INFORMATION SHOWN:
··········

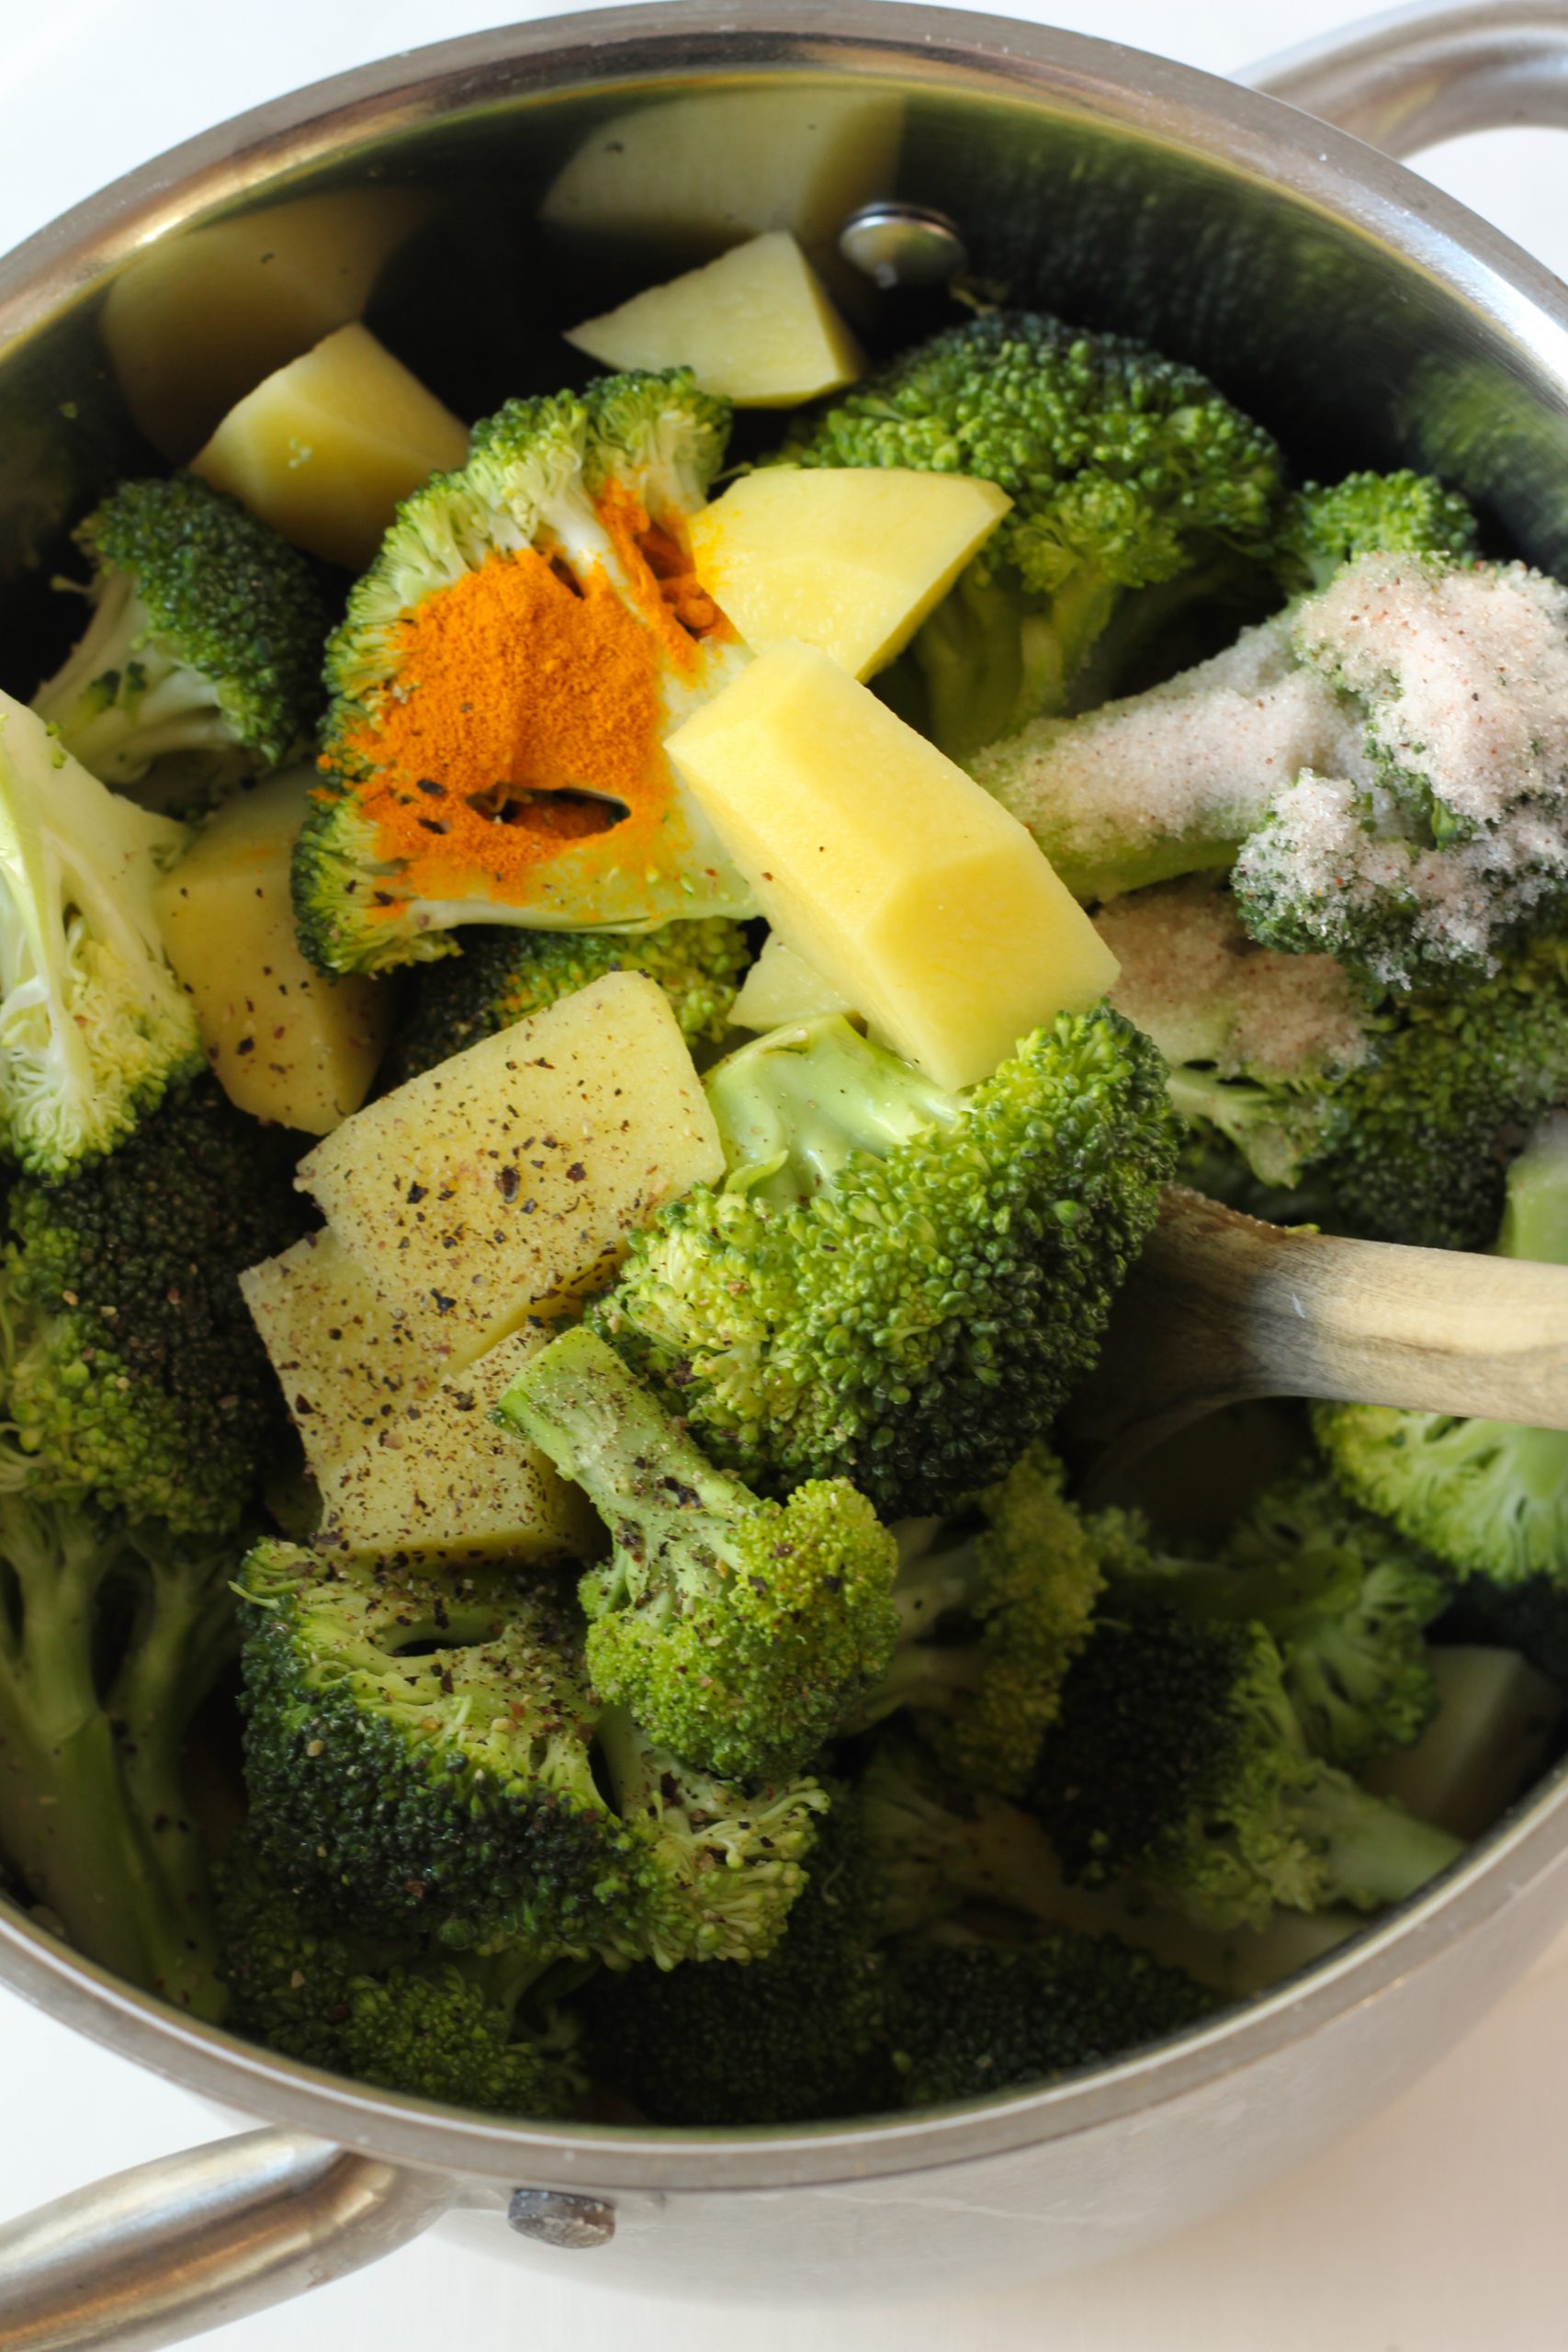 Sautéed shallot, garlic, broccoli, potatoes with herbs
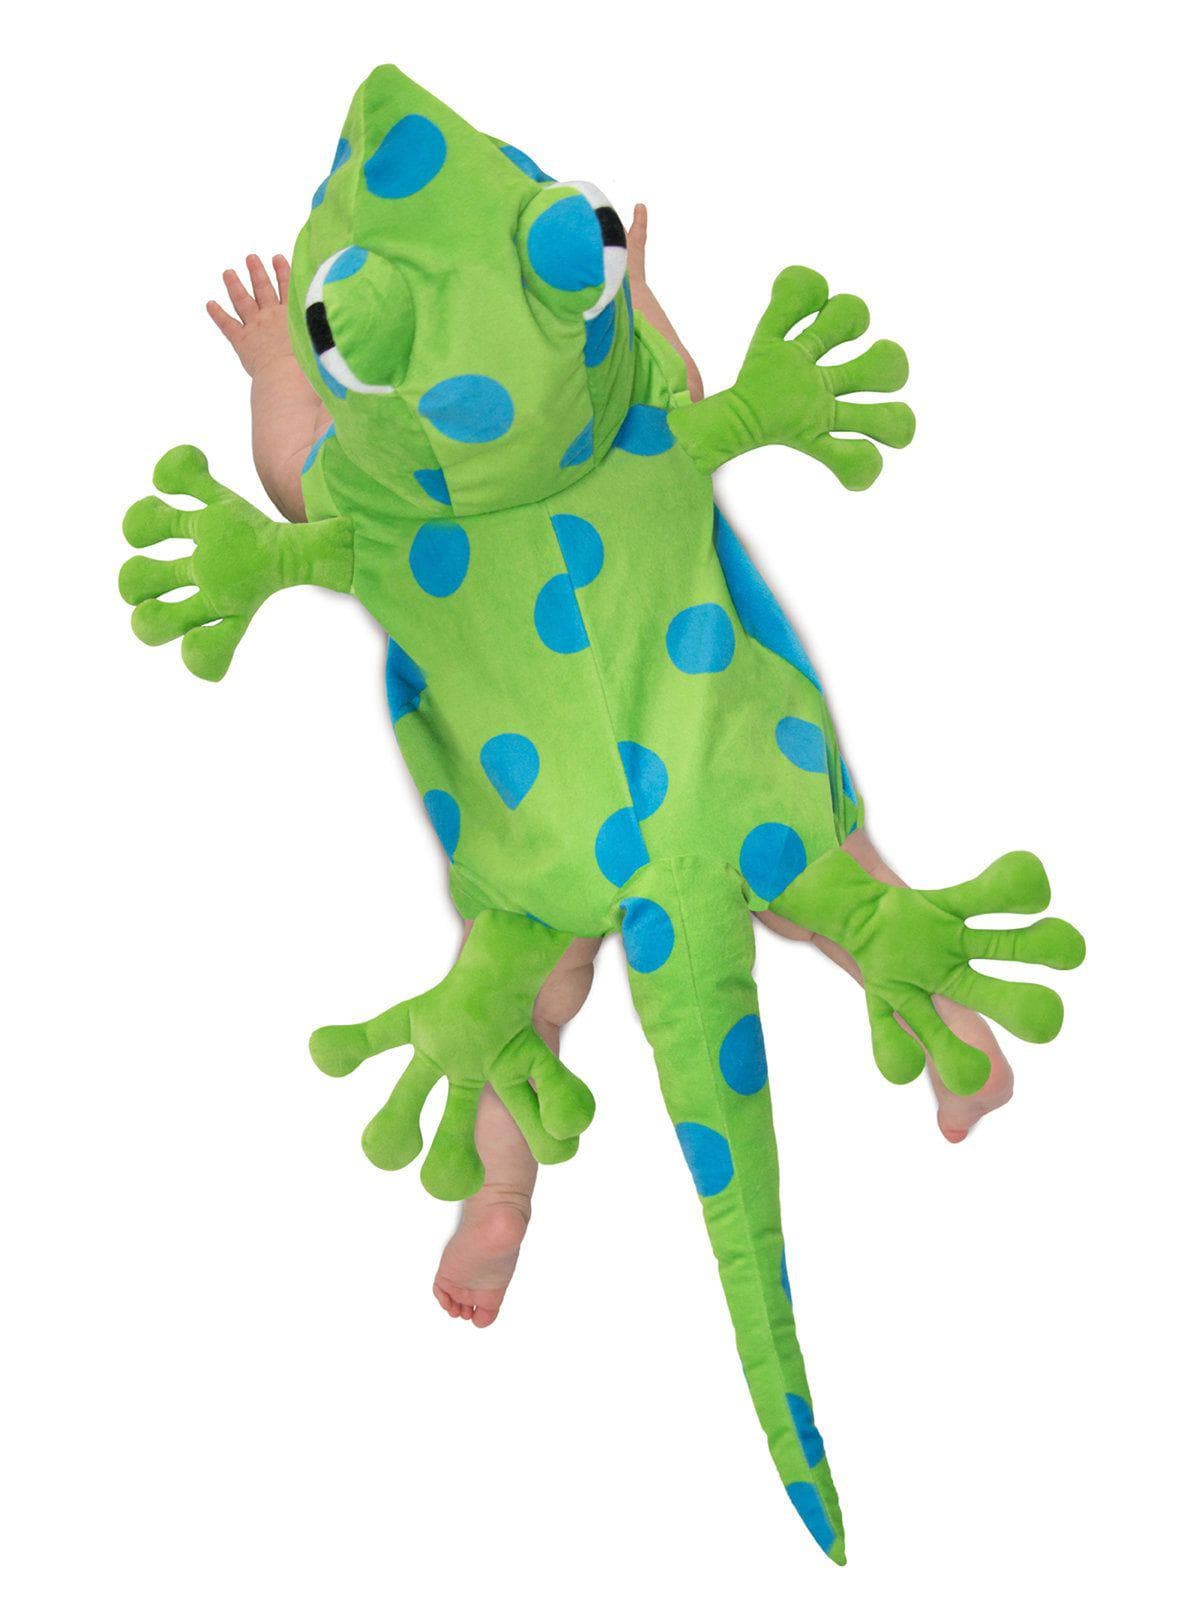 Baby/Toddler Zippy the Gecko Costume - costumes.com
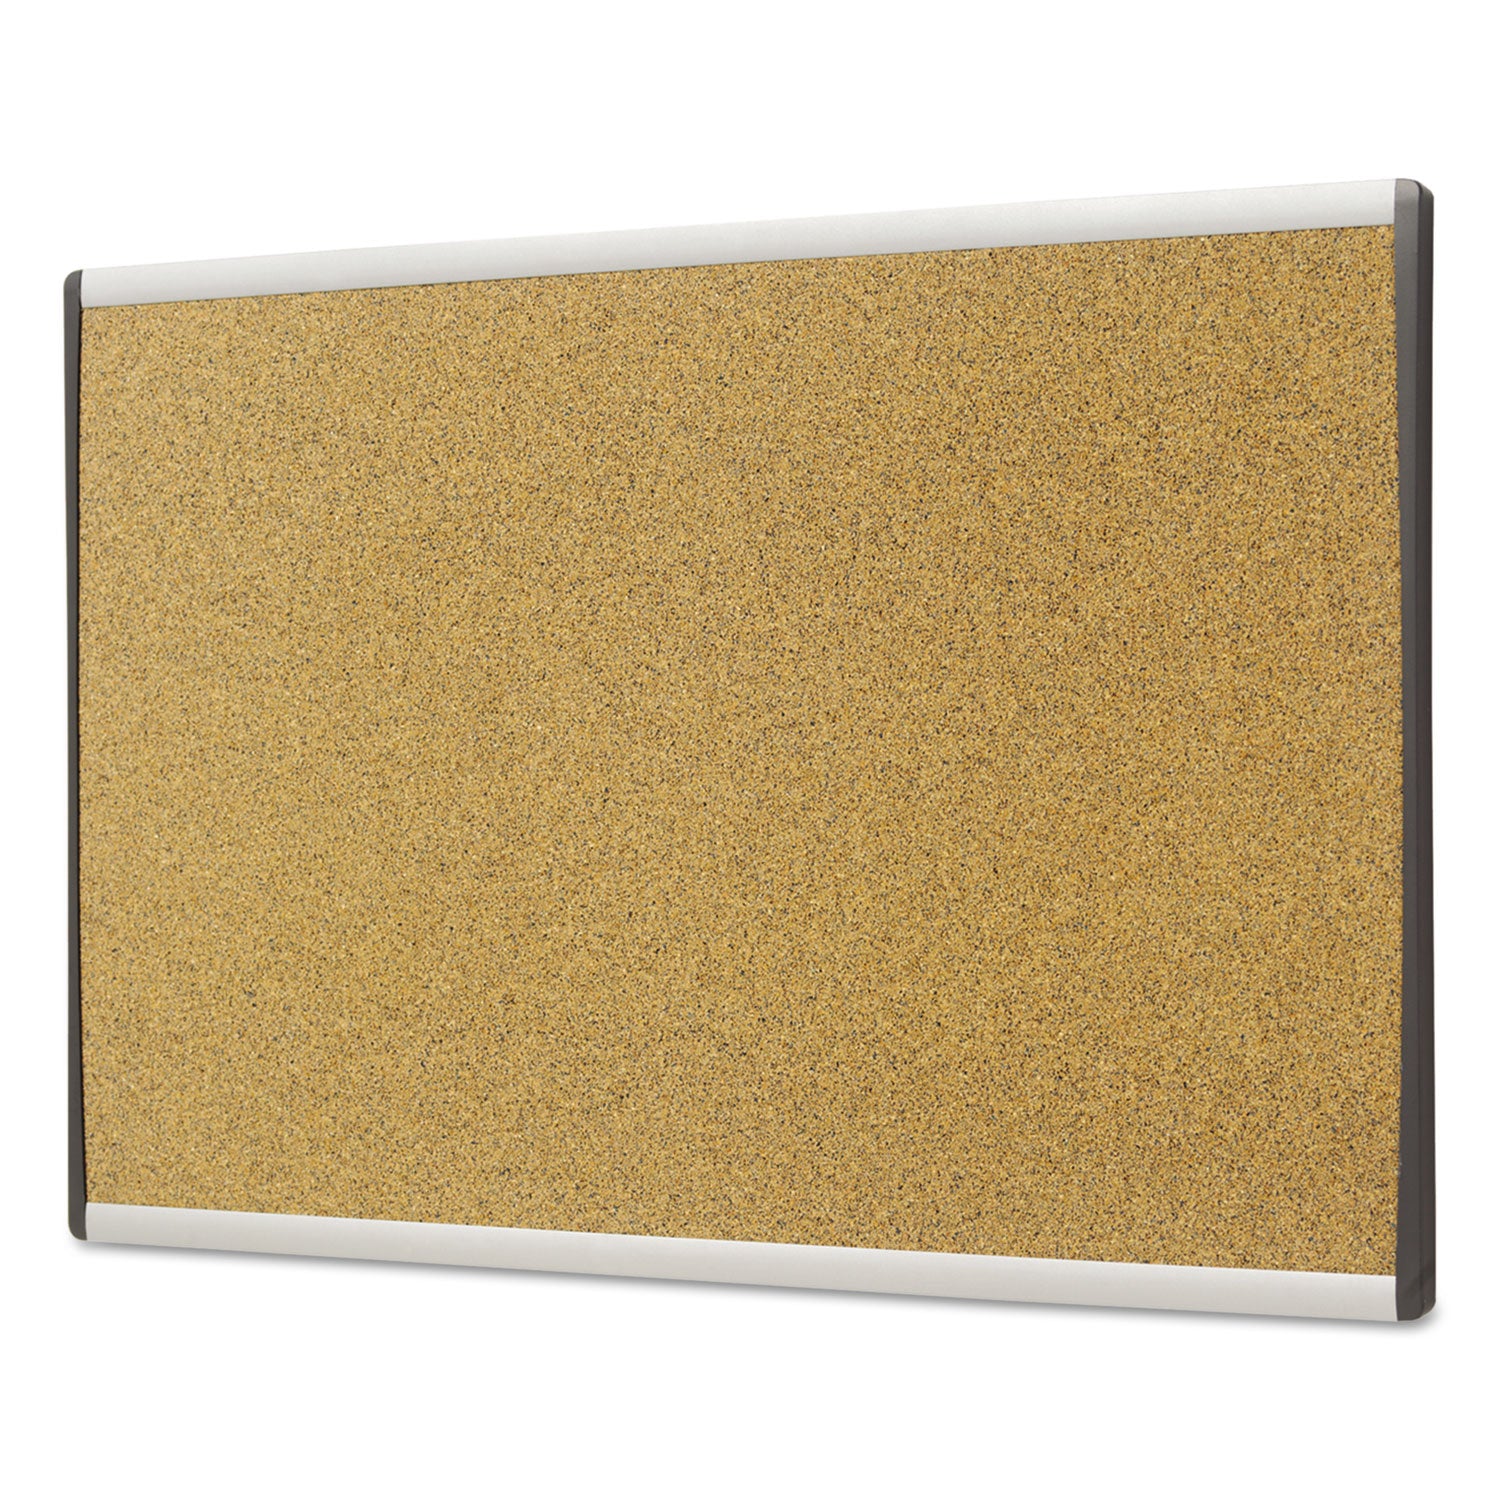 ARC Frame Cubicle Cork Board, 30 x 18, Tan Surface, Silver Aluminum Frame -

··········

Print the full listing exactly, dropping the pictures.

 Sautéed shallot, garlic, broccoli, potatoes with herbs
 Baby/Toddler Zippy the Gecko Costume - costumes.com
 ARC Frame Cubicle Cork Board, 30 x 18, Tan Surface, Silver Aluminum Frame -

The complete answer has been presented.